▶ _EXERCISE PROMPT_:
Write out each line of the material exactly as given, and drop the images.

+++ COLLECTED DATA +++

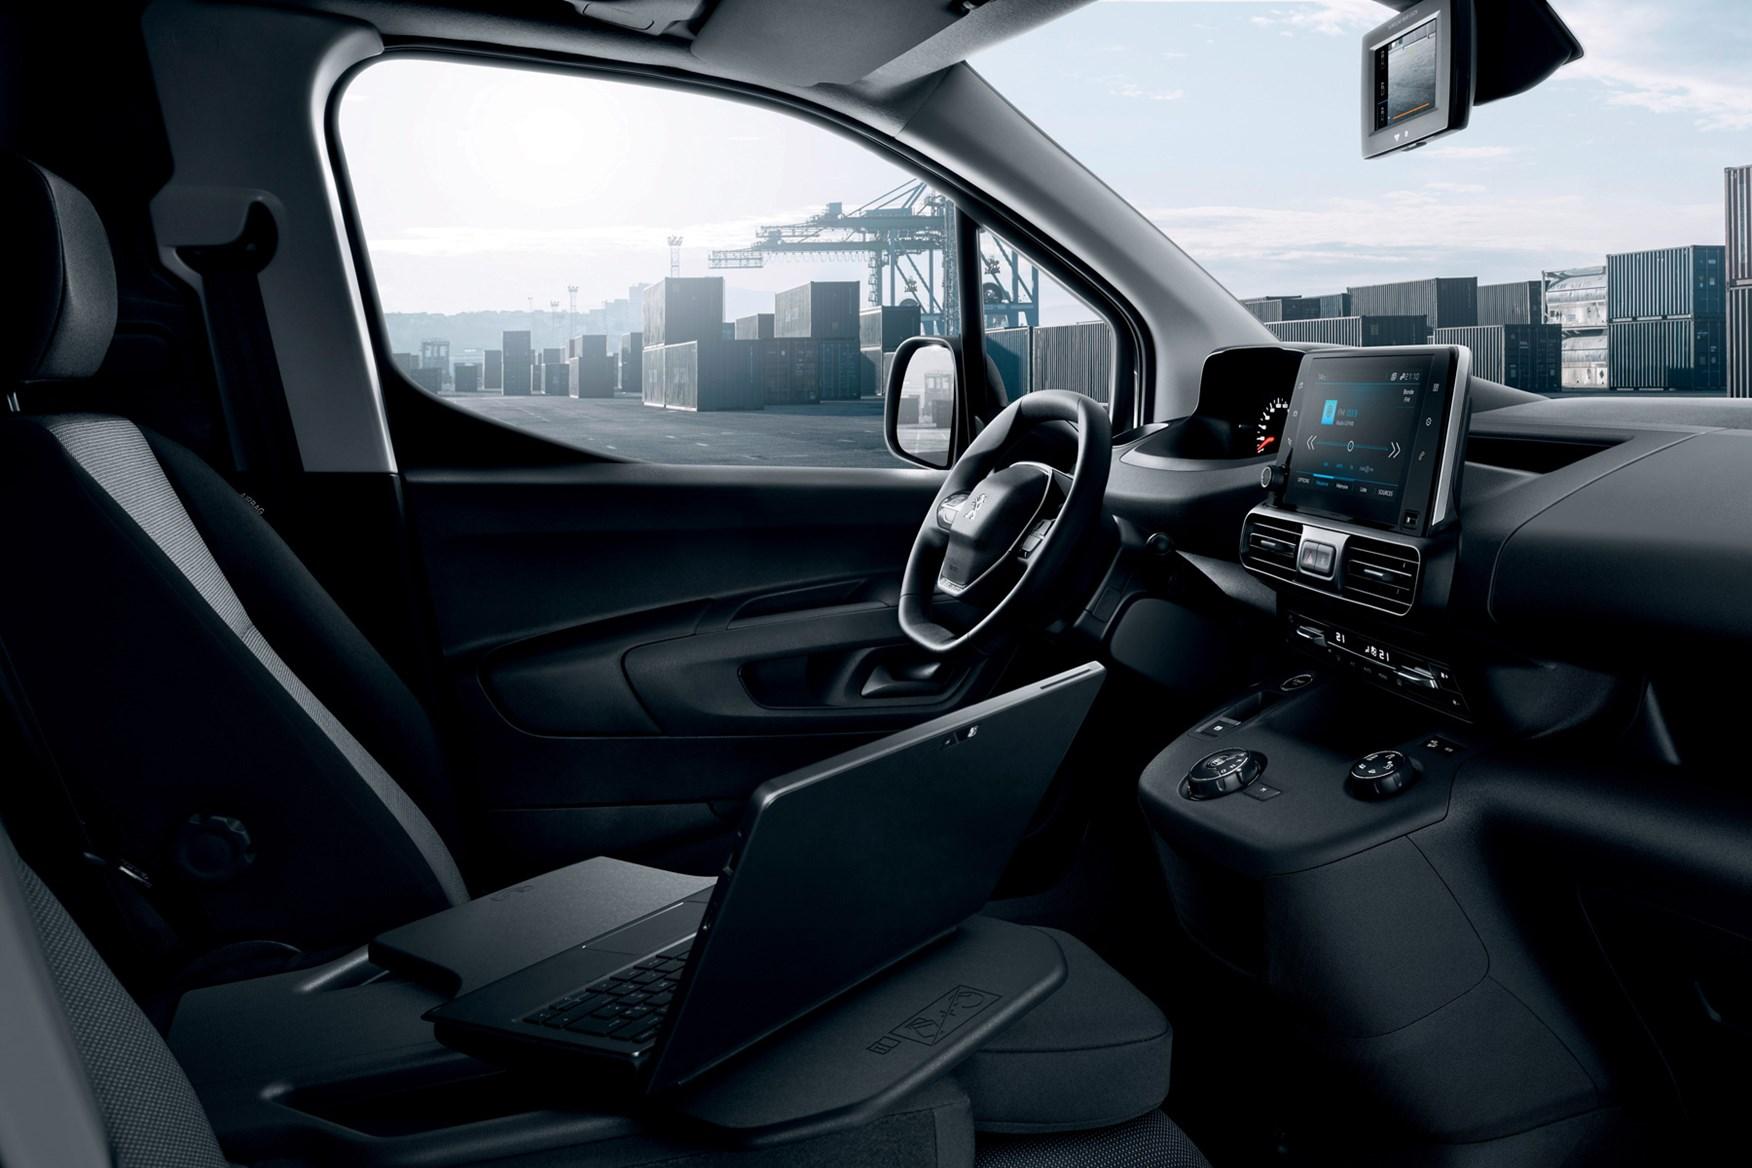 Peugeot Partner review 2020, i-Cockpit, view from passenger side
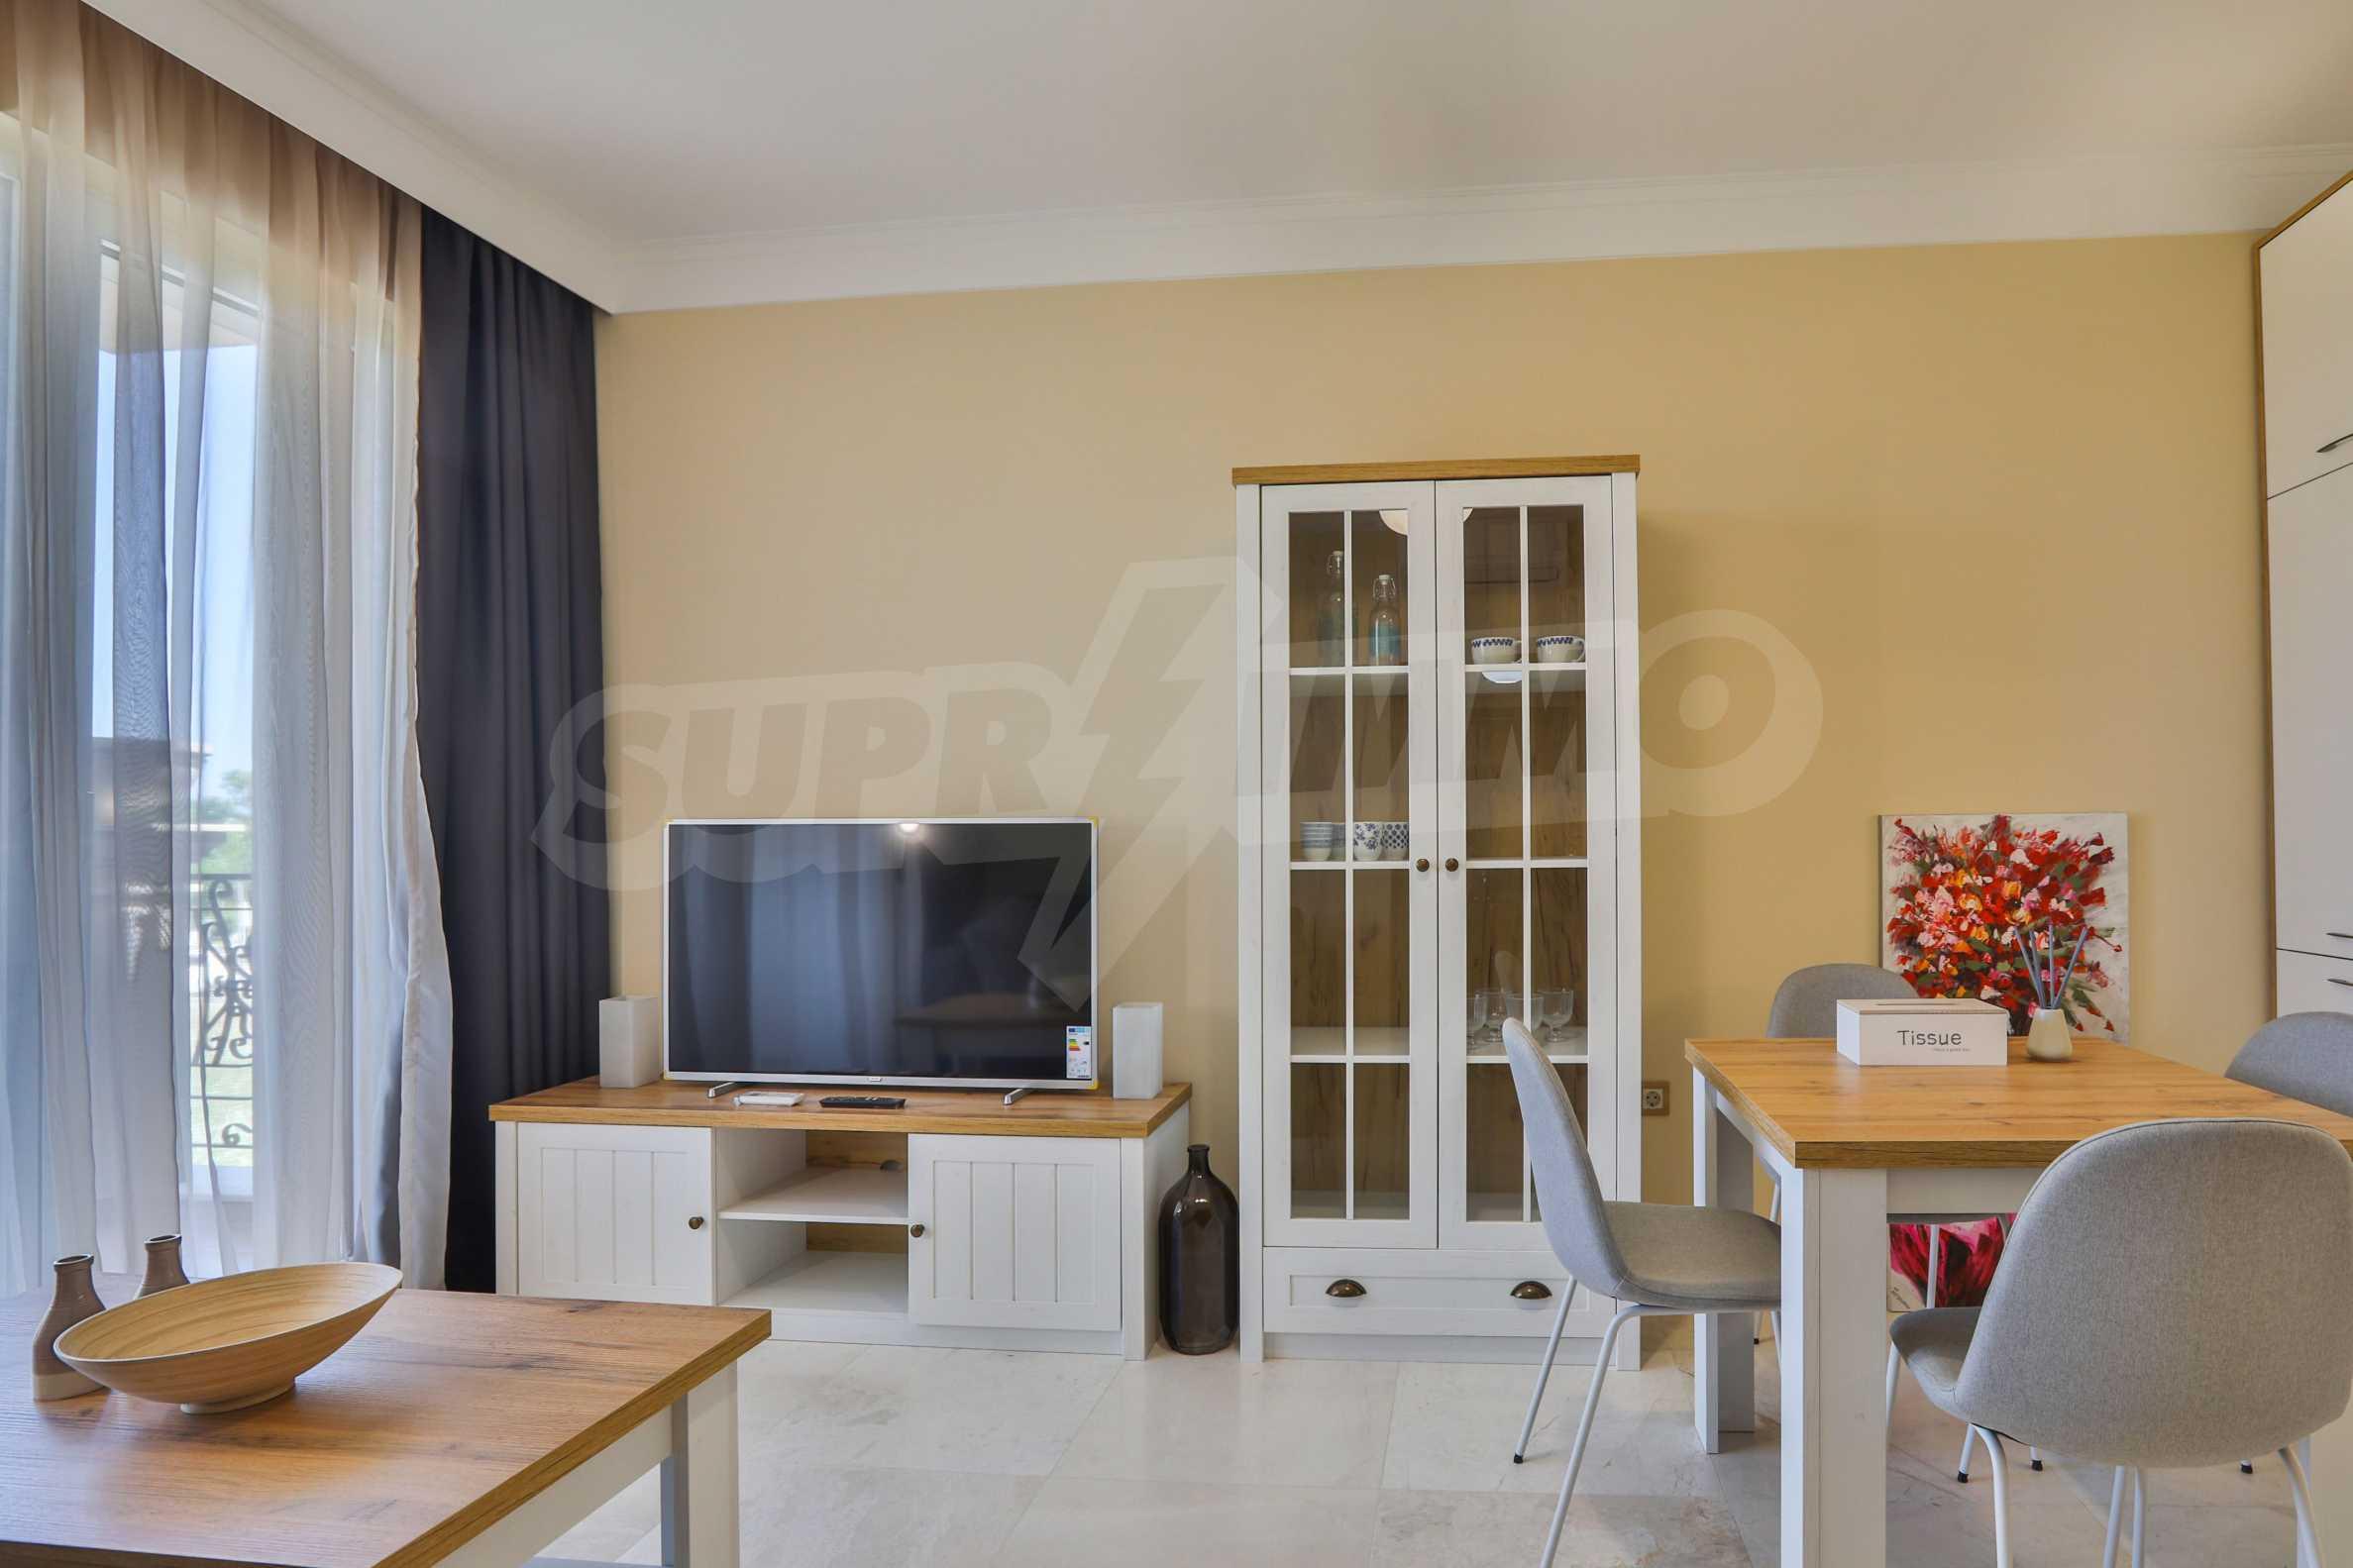 Първокласен двустаен апартамент в Belle Époque Beach Residence (ап. №A 206)
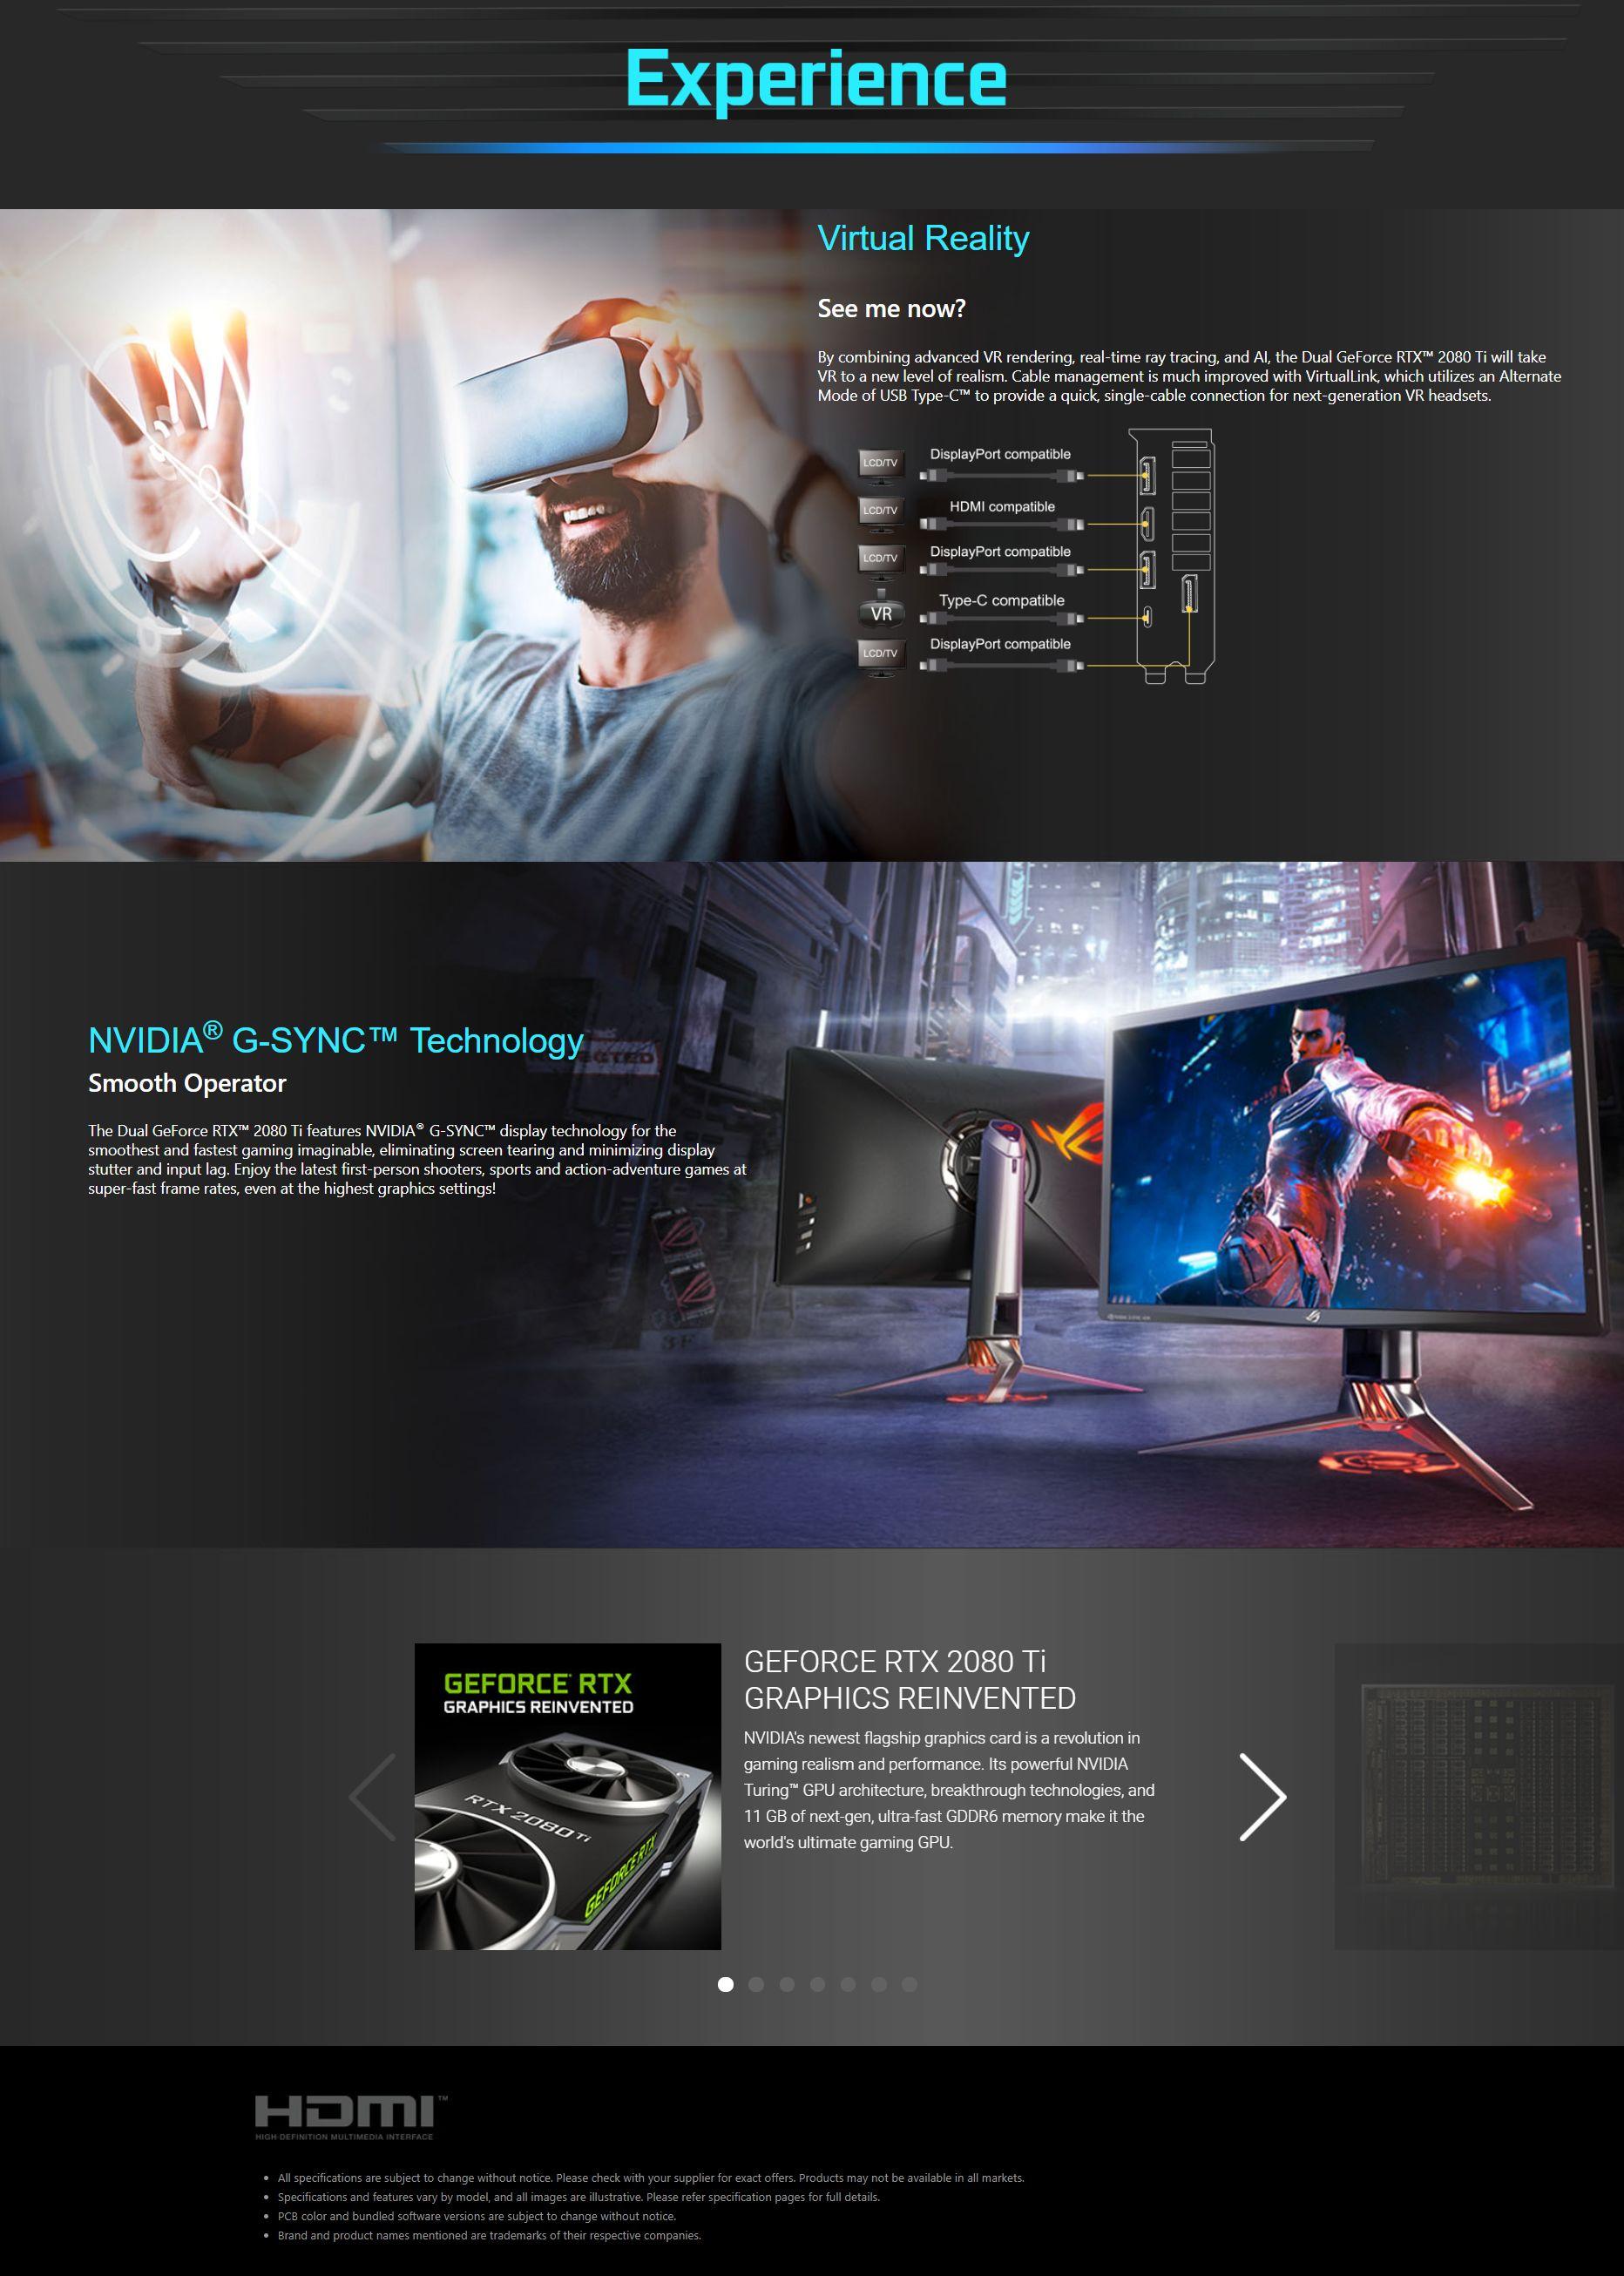 Asus GeForce RTX 2080 Ti Dual 11G OC Graphics Card

+++

▶ _RESPONSE FOR THIS EXERCISE_:
 Peugeot Partner review 2020, i-Cockpit, view from passenger side
 Първокласен двустаен апартамент в Belle Époque Beach Residence (ап. №A 206)
 Asus GeForce RTX 2080 Ti Dual 11G OC Graphics Card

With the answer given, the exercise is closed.